Lamenting on the poor road network in Nkari, Obong Udo told our correspondent, “Even the road network is bad. If the road was good, motorcycles would ply this road. But there is no good road in the village, and it is a very big problem. We heard that the government planned to construct this road, Mbiabong/Nkari/Mbente/Ohafia road.
“However, the dry season has started and nothing has been done. The other axis, from the market area to my village, Ifa, the access road to Okwa along Ikot Ekpene, Umuahia Road, which was in the budget in 2018, nothing has been done, the two and a half pillars out of 13 pillars for that brick work has been done. We are suffering. The other road, with a bridge connecting us with Abia State, was destroyed by the Biafrans, it has not been rehabilitated.
“We are just in a recluse because all the communities in this clan are bounded by Igbo neighbours from Abia State.
“We are really suffering in this part of Akwa Ibom, nothing meaningful from the government. Our only health centre since it was renovated, no equipment, nothing.”
Also speaking, Hon Okon Joseph Akpan, Caretaker of Gateway to Nkari said: “We have been involved in crisis with our Ikwuano neighbours in Abia State and because of that, on May 20, 2020, they planned an annexation to this community but God said no, and it has been a big battle.
“We saw hell, and we were strangulated, with a lot of psychological and emotional problems that we passed through. We need the government to help us revive our education and health, both in manpower and facilities.”
On his part, Mr Utin Okon, Supervisor, Political and Chieftaincy, Ini LGA disclosed that some teachers posted to the school sought transfer, while some bluntly stayed away.
His words, “The excuse was that there was a crisis but the crisis has long ceased. The crisis ceased over a year ago. We have signed an agreement with the Commander, Military Base in Ibawa that there would be no more problems, the youths have stopped making trouble, no more fighting. That is why you see them coming to clear this place so that academic activities would begin.
“We and Abia State signed an inter-State accord. We have said nobody should enter the land in dispute until the National Boundary Commission comes and demarcates the land.
“Actually, I don’t want anybody to claim that I own this place, I want that place to be used either for Federal Government school, hospital or anything viable for the government. So nobody can come and say this is my own.
“I have worked with the LG Chairman for 7 years for the development of this community. I want the government’s presence in this community. Unfortunately, we have never for once, had a representative from this community in government.”
Asked what they want from the government, Okon said, “what we want now is for the government to send teachers to our school so that our children can resume studies.”

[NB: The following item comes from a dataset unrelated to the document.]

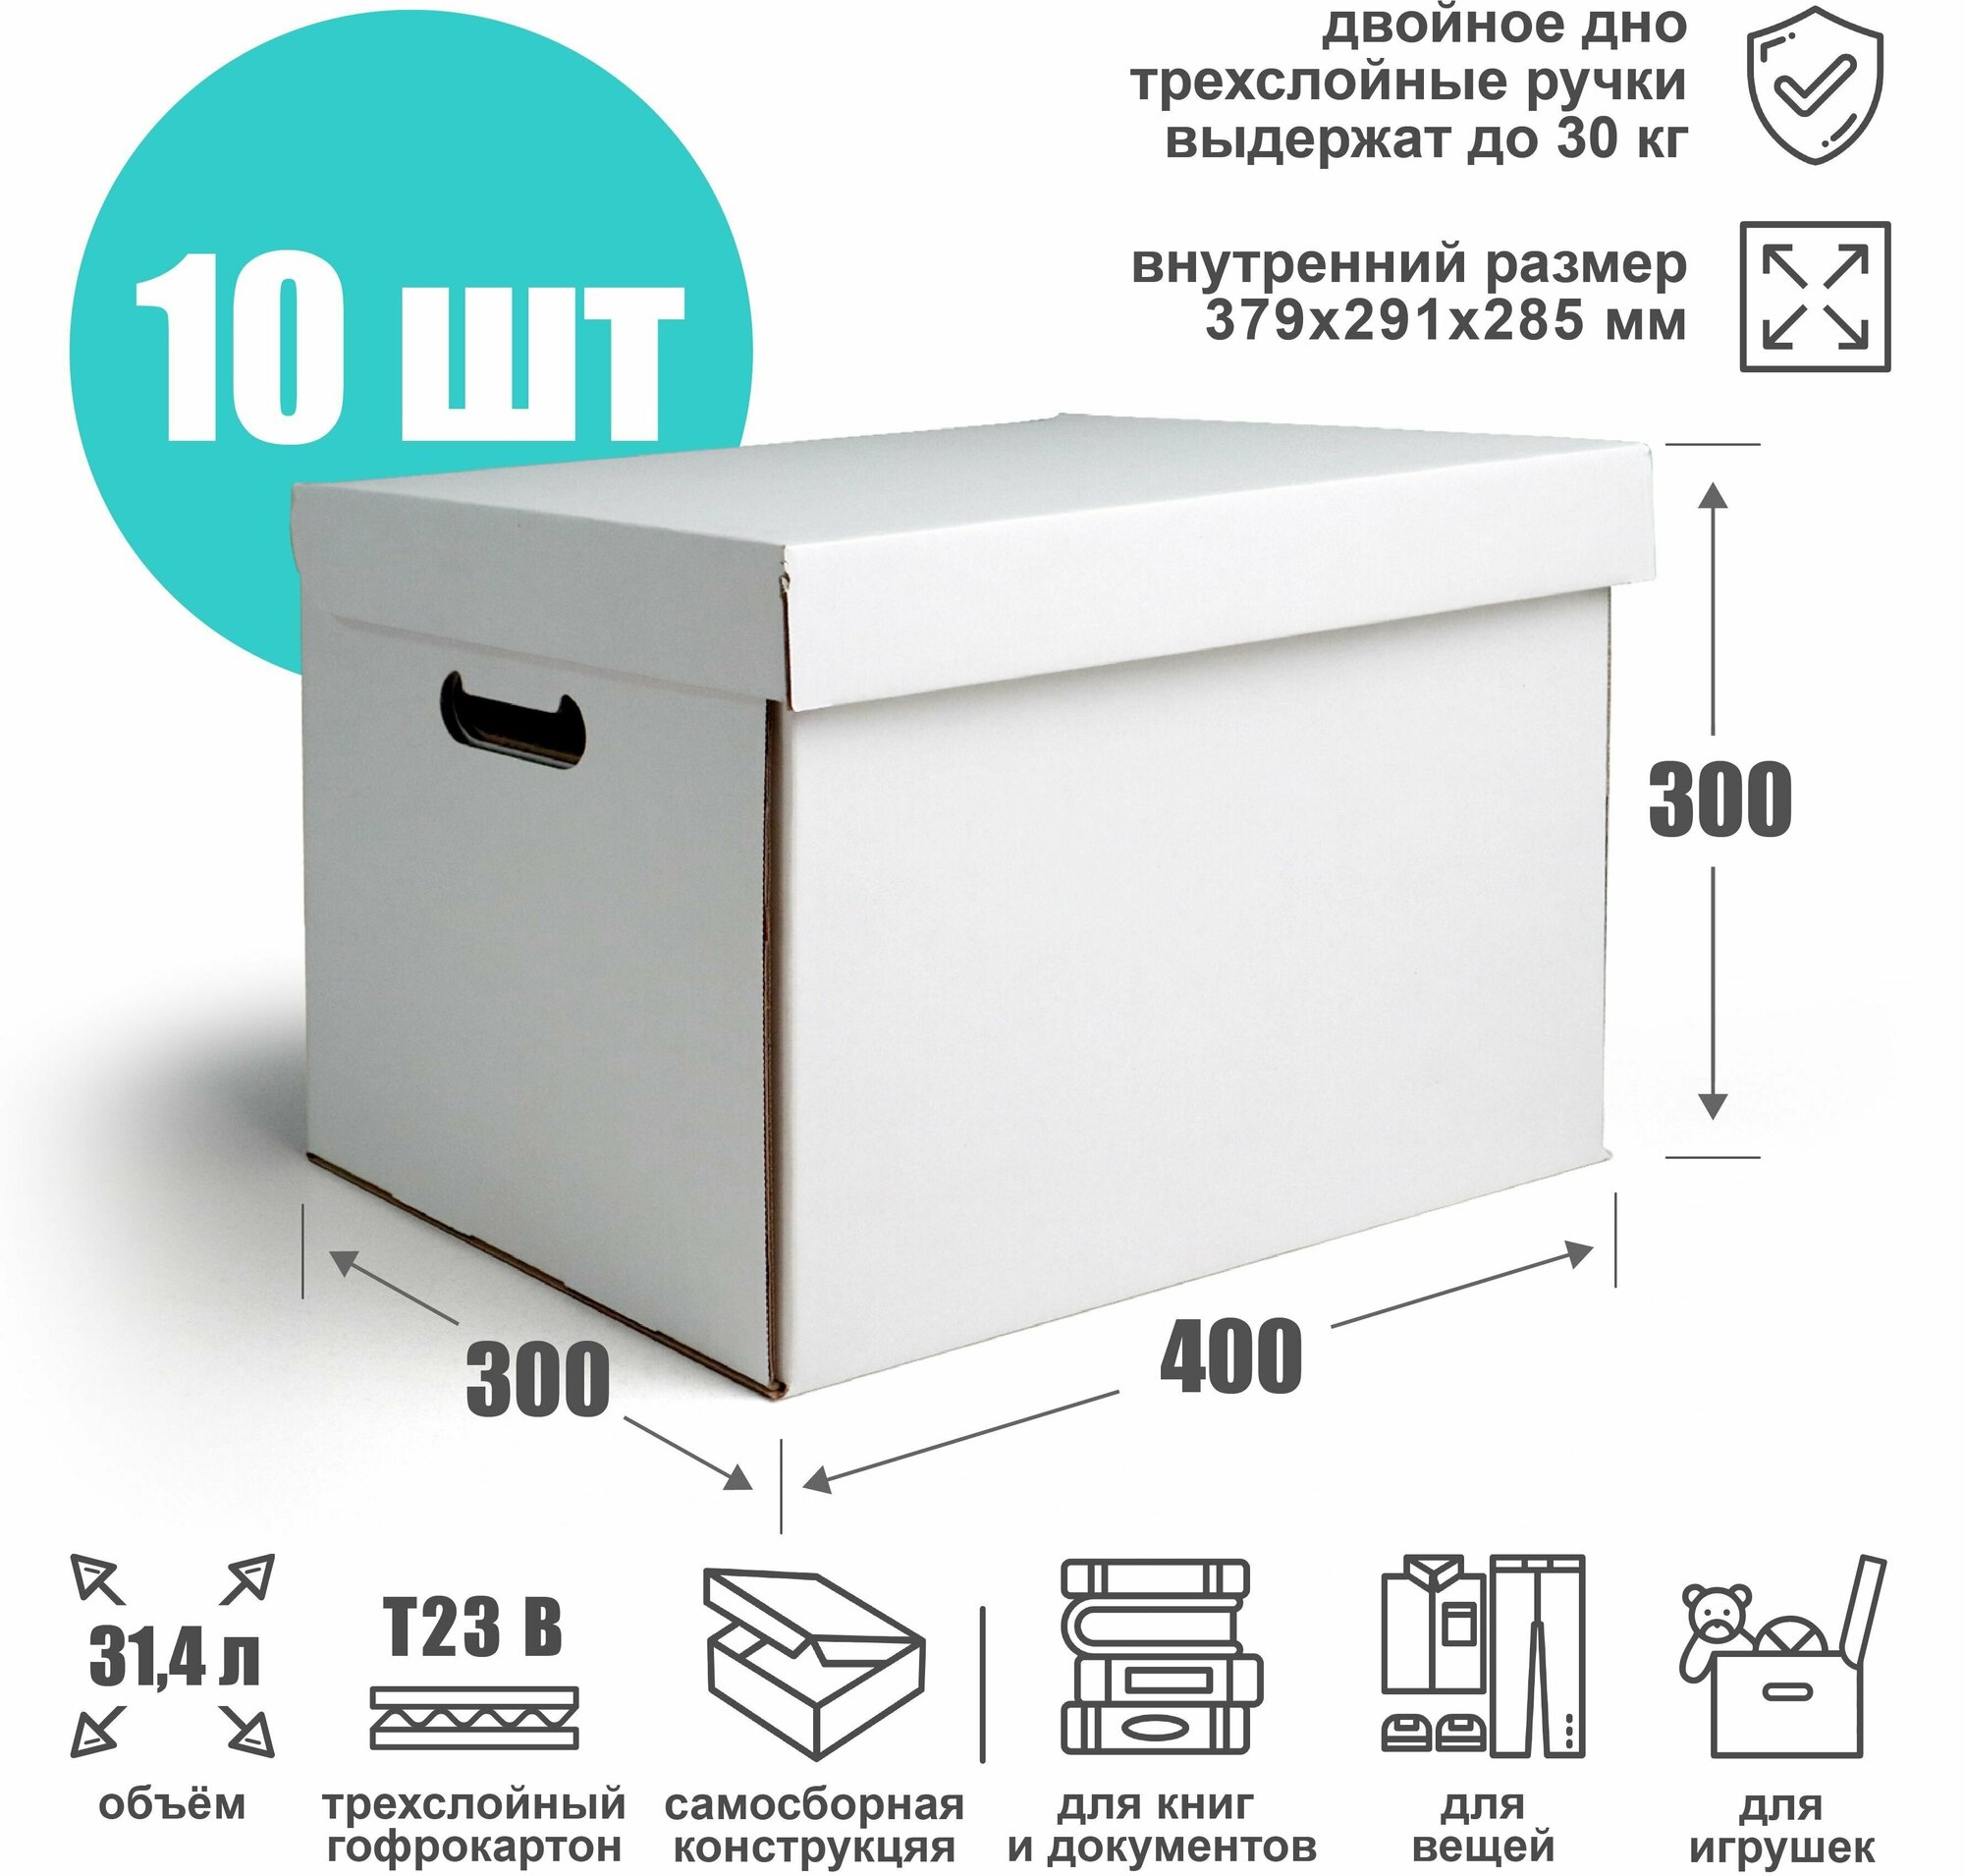 Картонная архивная коробка 379х291х285 мм (Т23 В) белая - 10 шт. Ящик для хранения и переезда объем 314 л. Гофрокороб для стеллажа и шкафа.

However, in a chat with a board member, State Universal Basic Education Board (SUBEB), Sir John Udoh, he attributed the refusal of the teachers posted to Nkari to assume duties to fear of being killed.
He disclosed that the board would set up a Disciplinary Committee to bring to book teachers who were transferred to schools but refused to resume in their new places of assignment.
Udoh further disclosed that the SUBEB management was considering posting teachers who are natives of the Nkari clan to schools within the communities.
An educationist and guidance and counsellor in one of the private schools in the State, Mrs Vitoria Osiri, who described the situation as unfortunate, expressed fear that lack of education in the community would create more danger than the war itself and called on the government to have the will to ensure that teachers posted to the schools remain and their safety guaranteed.